New developments in insulating link technology, that take account of the likelihood of insulating links being used in the typically dirty and wet construction industry environment, meant that the US Government introduced a new law in 2010 that mandated the use of approved insulating links in certain situations. These insulating links must be tested and approved by a Nationally Recognized Testing Laboratory to a standard such as ASTM F2973 or ANSI/CPLSO-14. Currently, there are no insulated links/devices that meet the NRTL requirement in OSHA's § 1926.1401 definition of "insulated link/device".

== Purpose==

Figure 4. An insulating link being used on a crane

Insulating links may be used on cranes and tag lines, (guide ropes), to help protect against electric current passing from the power line through the wire rope of the crane and into the personnel working on the crane, figure 4. Figure 5 shows the Federal requirements for working close to a power line.
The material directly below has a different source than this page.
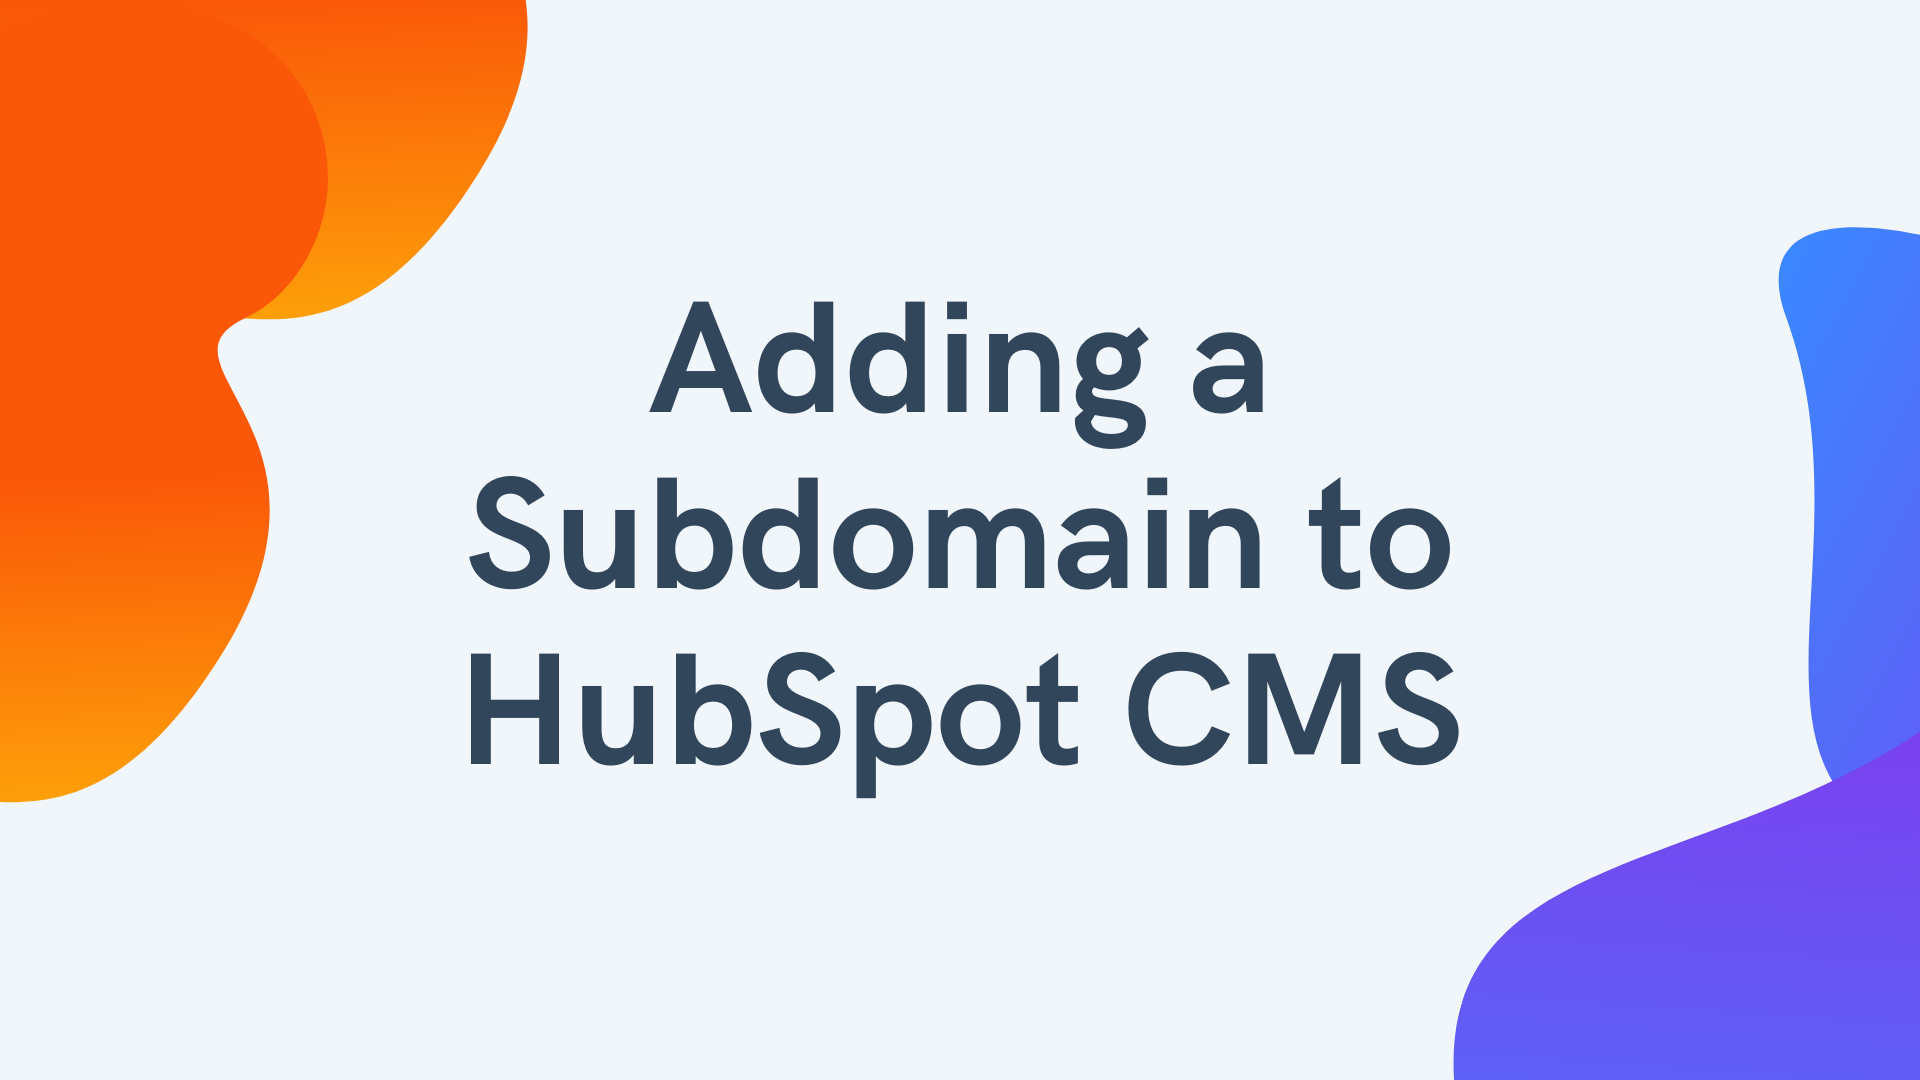 Adding a subdomain to HubSpot CMS

The list includes layers of prevention. Incidents of power line contact are common because of the difficulty the driver of the crane has in distinguishing the thin cable of the power line against the background of the sky. Implementing OSHA's federal requirements for operation near electric powerlines, which includes using a spotter to help the operator know if the crane's wire rope is getting close to the thin cable of the power line, provides for safe operation.

Figure 5. Federal requirements for using an insulating link

Accidents involving contact between a power line and a crane are invariably extremely serious, often resulting in extensive injury or the death of crane operative(s). In fact, on average 100 contacts occur each year in the US between a crane and a power line, while 20% of all fatalities in the US construction industry are due to cranes touching power lines. Electrocution because of power line contact is sufficient to cause ventricular fibrillation of the heart, often fatal, while the wound caused by the electric current leaving the body will often remove limbs.

Grounding a crane is not effective, since enough current can still pass through crane operatives to be fatal.